How to measure LLM hallucination rate
Quick answer
Measure the
LLM hallucination rate by comparing model outputs against verified ground truth using benchmark datasets or human annotation. Calculate the percentage of outputs containing false or fabricated information to quantify hallucinations.PREREQUISITES
Python 3.8+OpenAI API key (free tier works)pip install openai>=1.0
Setup
Install the openai Python package and set your API key as an environment variable for secure access.
pip install openai>=1.0 Step by step
This example demonstrates how to measure hallucination rate by prompting an LLM with factual questions, then comparing the answers to a ground truth dataset. We calculate the hallucination rate as the percentage of incorrect or fabricated answers.
import os
from openai import OpenAI
client = OpenAI(api_key=os.environ["OPENAI_API_KEY"])
# Sample factual questions and ground truth answers
questions = [
"Who is the current president of the United States?",
"What is the capital of France?",
"Name the largest planet in our solar system."
]
ground_truth = [
"Joe Biden",
"Paris",
"Jupiter"
]
hallucinations = 0
for question, truth in zip(questions, ground_truth):
response = client.chat.completions.create(
model="gpt-4o-mini",
messages=[{"role": "user", "content": question}]
)
answer = response.choices[0].message.content.strip()
print(f"Q: {question}")
print(f"Model answer: {answer}")
print(f"Ground truth: {truth}")
# Simple string match check (can be replaced with more robust evaluation)

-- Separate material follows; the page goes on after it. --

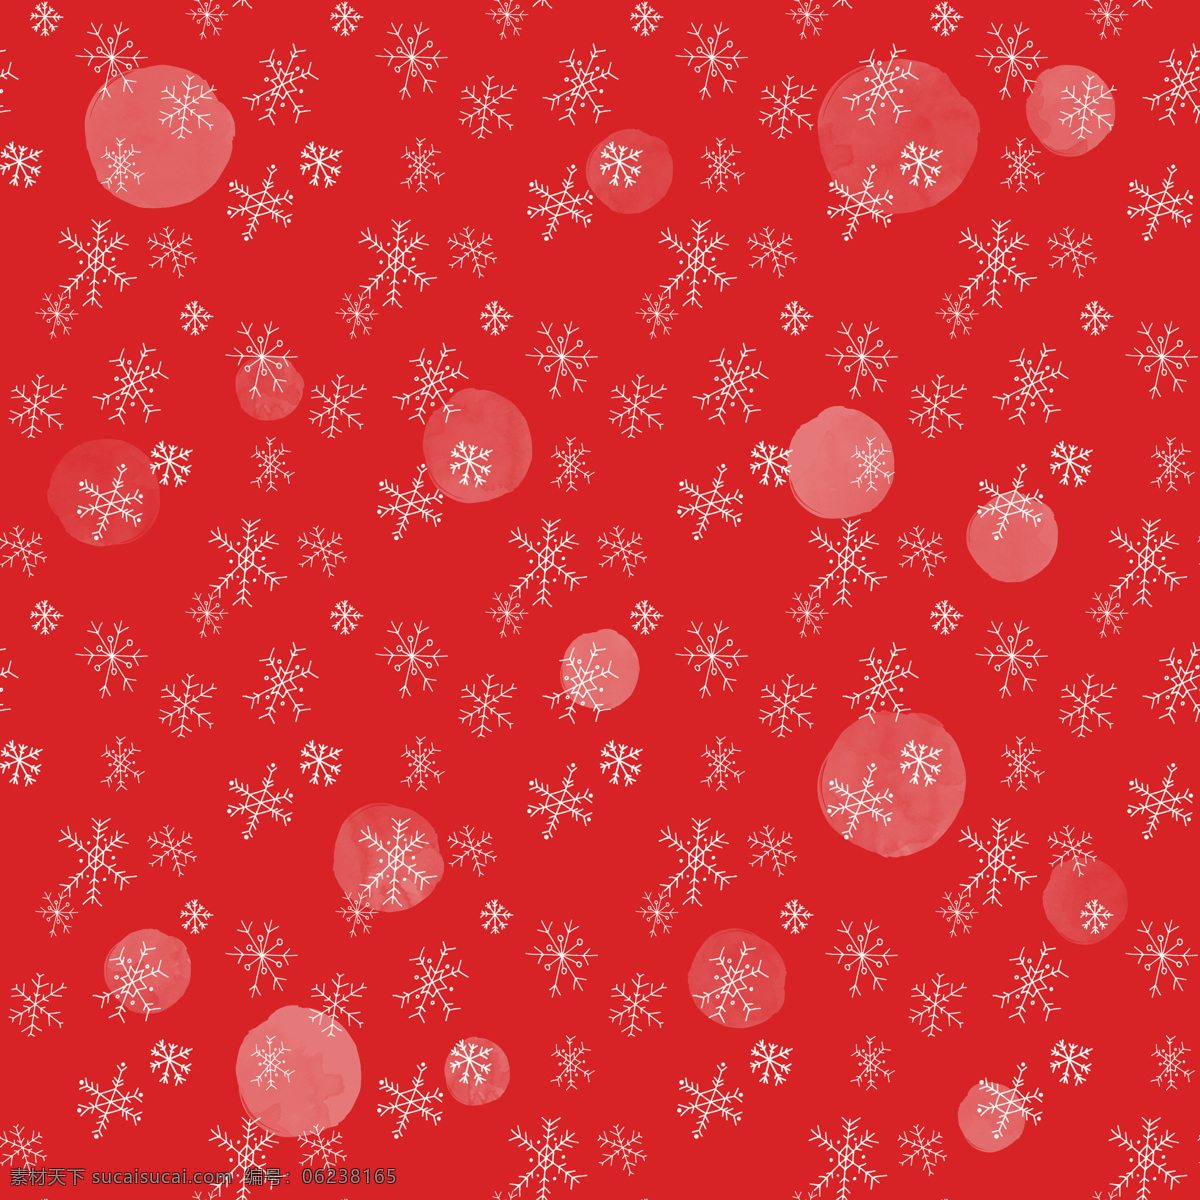 红色 底 白 雪花 背景 铃铛 礼物 圣诞鹿 圣诞节 圣诞节背景 彩色背景 红色背景 白色背景 无缝背景 卡通背景 时尚背景 潮流背景 创意背景 抽象背景

if truth.lower() not in answer.lower():
hallucinations += 1
print("-> Hallucination detected\n")
else:
print("-> Correct answer\n")
hallucination_rate = hallucinations / len(questions) * 100
print(f"Hallucination rate: {hallucination_rate:.2f}%") output
Q: Who is the current president of the United States? Model answer: Joe Biden Ground truth: Joe Biden -> Correct answer Q: What is the capital of France? Model answer: Paris Ground truth: Paris -> Correct answer Q: Name the largest planet in our solar system. Model answer: Saturn Ground truth: Jupiter -> Hallucination detected Hallucination rate: 33.33%
Common variations
You can measure hallucination rate using:
- Human annotation: Have experts label outputs as hallucinated or factual.
- Automated metrics: Use factuality benchmarks like FEVER or TruthfulQA datasets.
- Different models: Test with
claude-3-5-sonnet-20241022orgemini-2.5-profor comparison. - Async calls: Use async SDK methods for batch evaluation at scale.
import asyncio
import os
from openai import OpenAI
client = OpenAI(api_key=os.environ["OPENAI_API_KEY"])
async def evaluate_question(question, truth):
response = await client.chat.completions.acreate(
model="gpt-4o-mini",
messages=[{"role": "user", "content": question}]
)
answer = response.choices[0].message.content.strip()
is_hallucinated = truth.lower() not in answer.lower()
return is_hallucinated, answer
async def main():
questions = [
"Who is the current president of the United States?",
"What is the capital of France?",
"Name the largest planet in our solar system."
]
ground_truth = ["Joe Biden", "Paris", "Jupiter"]
results = await asyncio.gather(*[evaluate_question(q, t) for q, t in zip(questions, ground_truth)])
hallucinations = sum(1 for h, _ in results if h)
hallucination_rate = hallucinations / len(questions) * 100
print(f"Hallucination rate: {hallucination_rate:.2f}%")
asyncio.run(main()) output
Hallucination rate: 33.33%
Troubleshooting
- If hallucination rate seems unexpectedly high, verify your ground truth data accuracy and consider more robust answer matching (e.g., semantic similarity).
- For ambiguous questions, hallucination detection may require human review.
- Ensure API keys are set correctly to avoid authentication errors.
- Use consistent model versions to maintain evaluation reliability.
Key Takeaways
- Use benchmark datasets or human annotation to identify hallucinated outputs accurately.
- Calculate hallucination rate as the percentage of incorrect or fabricated model responses.
- Automate evaluation with SDK async calls for scalable and repeatable measurement.
- Robust matching methods improve hallucination detection beyond simple string comparison.
- Consistent model versions and clean ground truth data are critical for reliable metrics.